JibbyDee - 7-1-2012 at 16:25

Nicoderm: The pKa of acetic acid is around 4.5 while the pKa of HBr is around -8. There is no way acetic acid keeps HBr protonated. Anyhow, I bet this reaction would work using less concentrated aqueous HBr and lower temperatures. Why not use a milder acid such as HCl?

Dr.Bob - 10-1-2012 at 13:54

Using HBr to remove an O-methyl group is usually not a very clean reaction in my experience, even is best cases, it has side products, and the optimum conditions are very different from substrate to substrate, so this is not surprising.
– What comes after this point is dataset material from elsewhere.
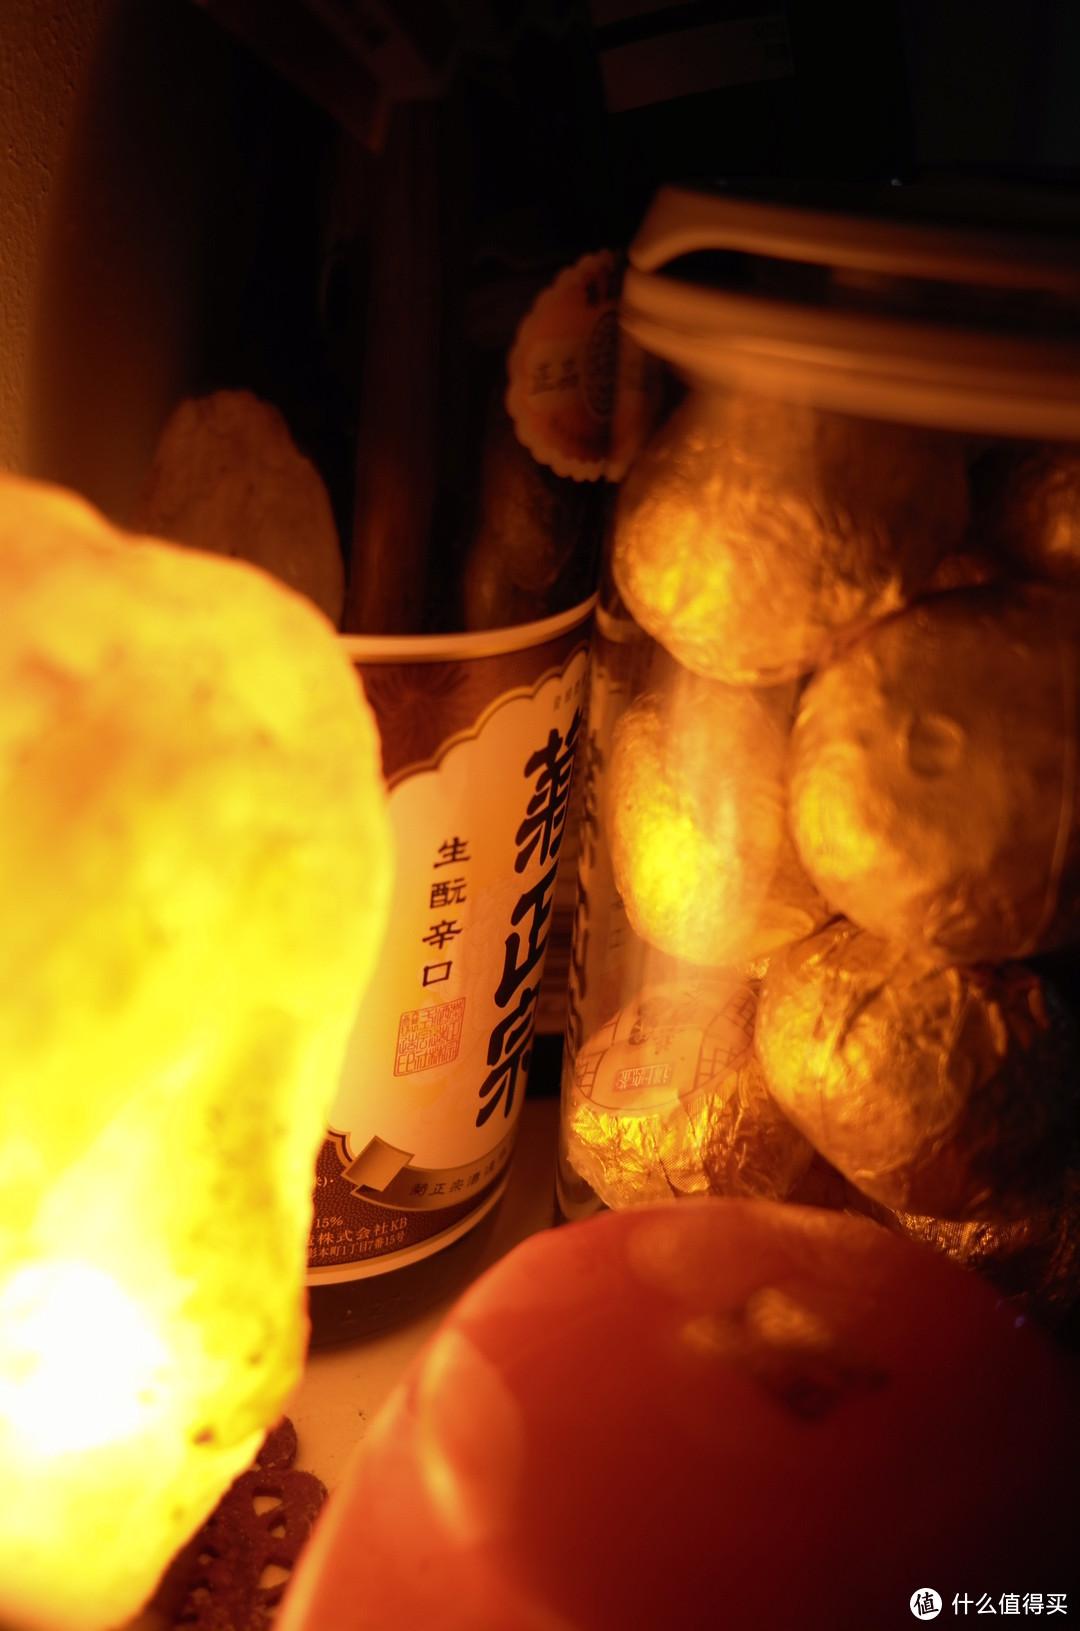 酒和茶 室内 钨丝灯 自动模式

HCl does not typically work for these demethylations, as Cl- is not as good a nucleophile as Br-. And water is usually bad for more complex reactions. Using BBr3 in dry DCM seems for work best if you have more heteroatoms, but even that does progressively worse with more non-carbon atoms, and 3 is starting to get high. A simple anisole might do well in these reactions, but once you add more oxygens or nitrogen, they all create side reactions which compete with the desired reaction.

GreenD - 16-1-2012 at 10:08

Being a moron I would assume that the tertiary amine group is going to undergo some sort of cleavage . Once that happens you're going to have a quat.

I didn't think the ether ring would break, but Nicodem seems pretty sure.

At any rate it looks more like you put a bunch of shit in a pot with the "more is better" attitude.